Ciarla” means “to talk”. This is what I ask from a wine. It must talk about itself, reveal itself and disclose its territory of origin, and the feeling and intentions of the producer.
The vineyard, over twenty years old, is at an altitude of 400 metres and faces northeast, with a surface area of 0.7 hectares. Its altitude and exposure allow it to benefit from notable temperature changes, which help the vines to develop their aromatic expressiveness.
Grapes are usually picked by hand in the second ten days of September. The bunches are placed in small crates that are transported to the winery without the addition of dry ice or sulphur dioxide. Fermentation takes place in traditional concrete vats of 10 hectolitres, with very thick walls that make temperature control unnecessary. When alcoholic fermentation has ended, the lees are stirred by hand, and racking operations are performed manually.

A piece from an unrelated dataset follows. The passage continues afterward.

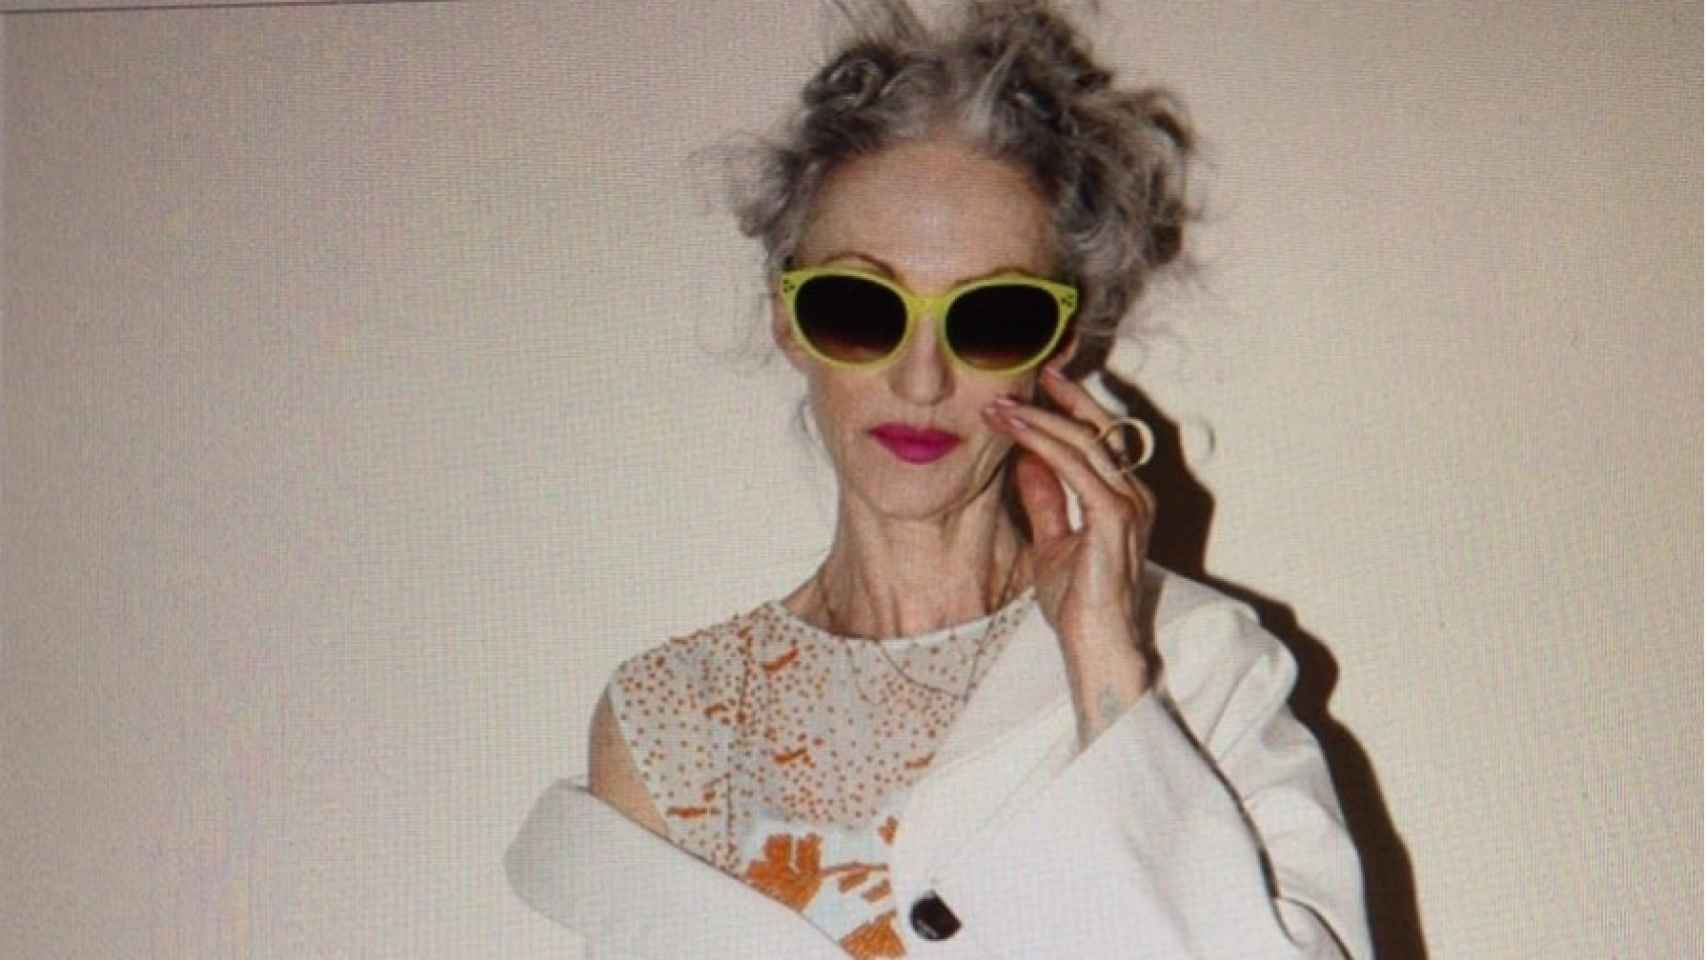 La estilista jamás sale de casa sin sus gafas de sol y los labios maquillados. | Foto: Instagram Linda Rodin.

The wine is matured in the same fermentation vats, and lasts for six months, followed by three more months in the bottle before being ready for sale.

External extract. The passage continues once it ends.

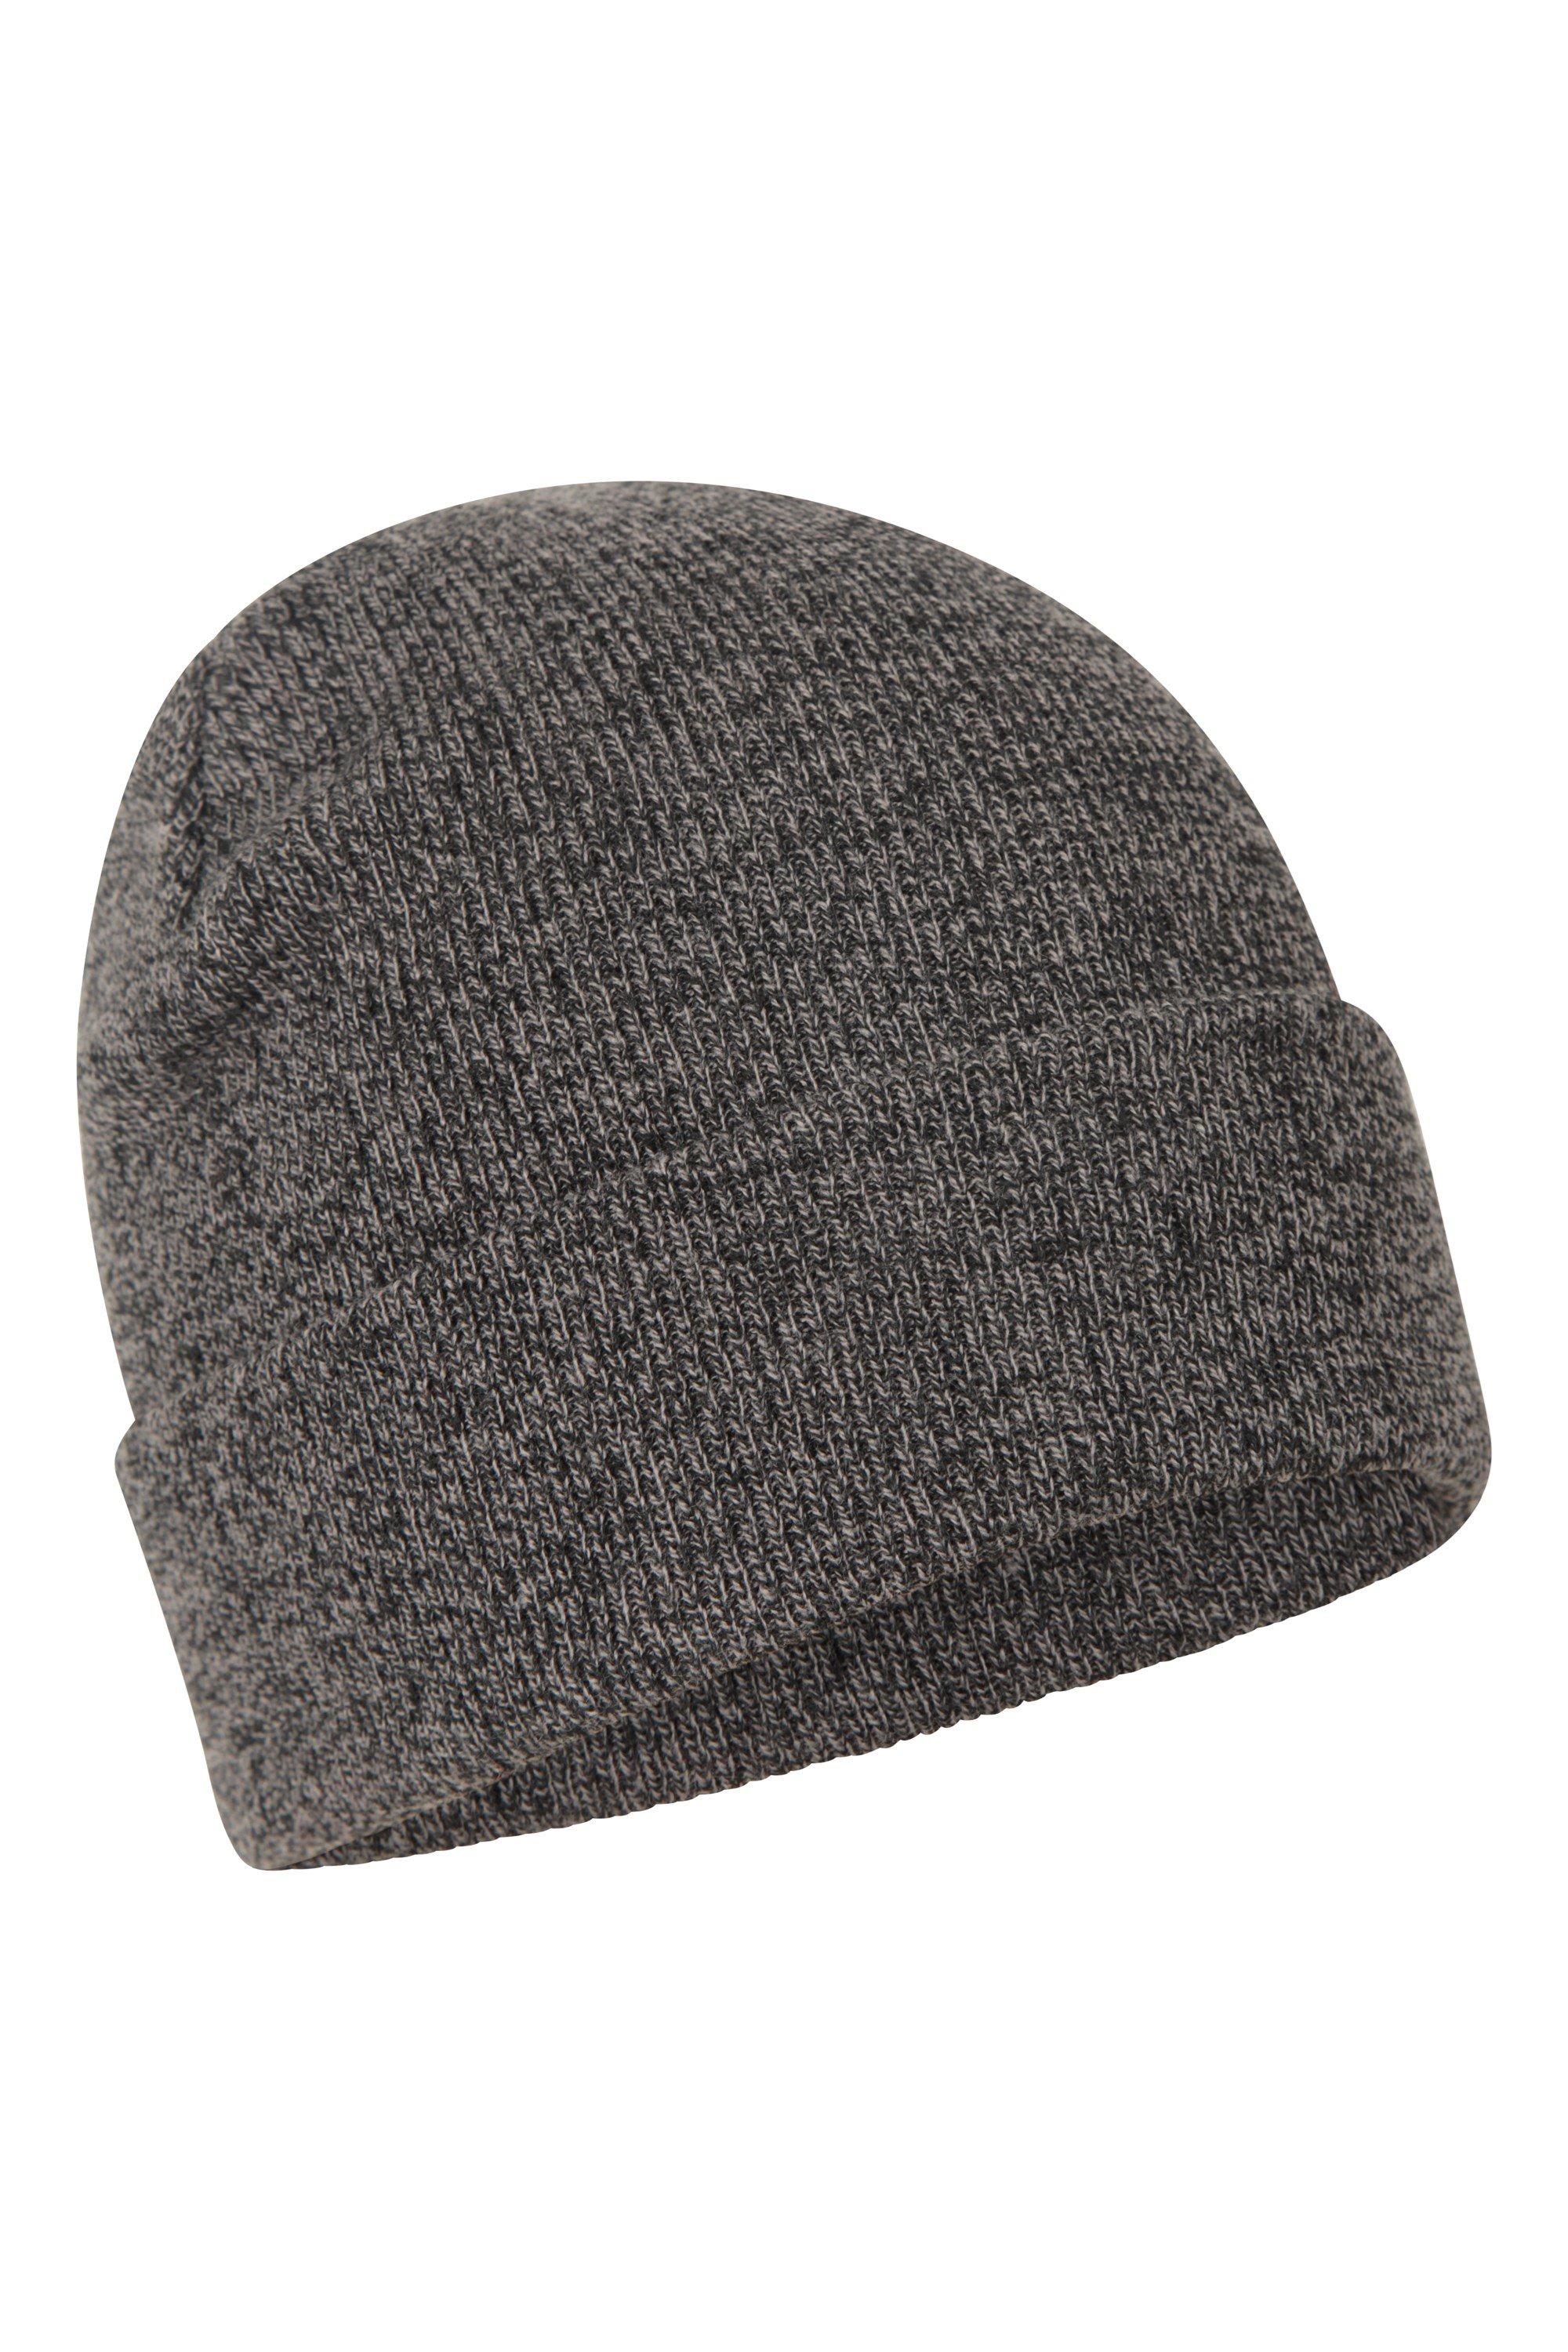 Шапка-бини «Компас» Толстая вязаная теплая легкая зимняя шапка Mountain Warehouse, черный цена и фото

Description: Straw yellow in colour, with a good intensity. To the nose, the varietal note is perceptible above all in floral and fruity aromas, which while the wine is still young dominate over tertiary notes of hydrocarbons that disappear after aging for at least three to four year in the bottle. Fragrant in the mouth, with a good balance between viscosity and freshness.
Pairings: Raw crustaceans and steamed fish flavoured with Mediterranean spices. I suggest serving at 11°C in a large glass.
I suggest decanting all the wines 15 minutes before drinking. Any presence of tartrates at the bottom of the bottle is an indication of the natural winemaking process. These deposits have absolutely no effect on the taste and bouquet expressed by the wine.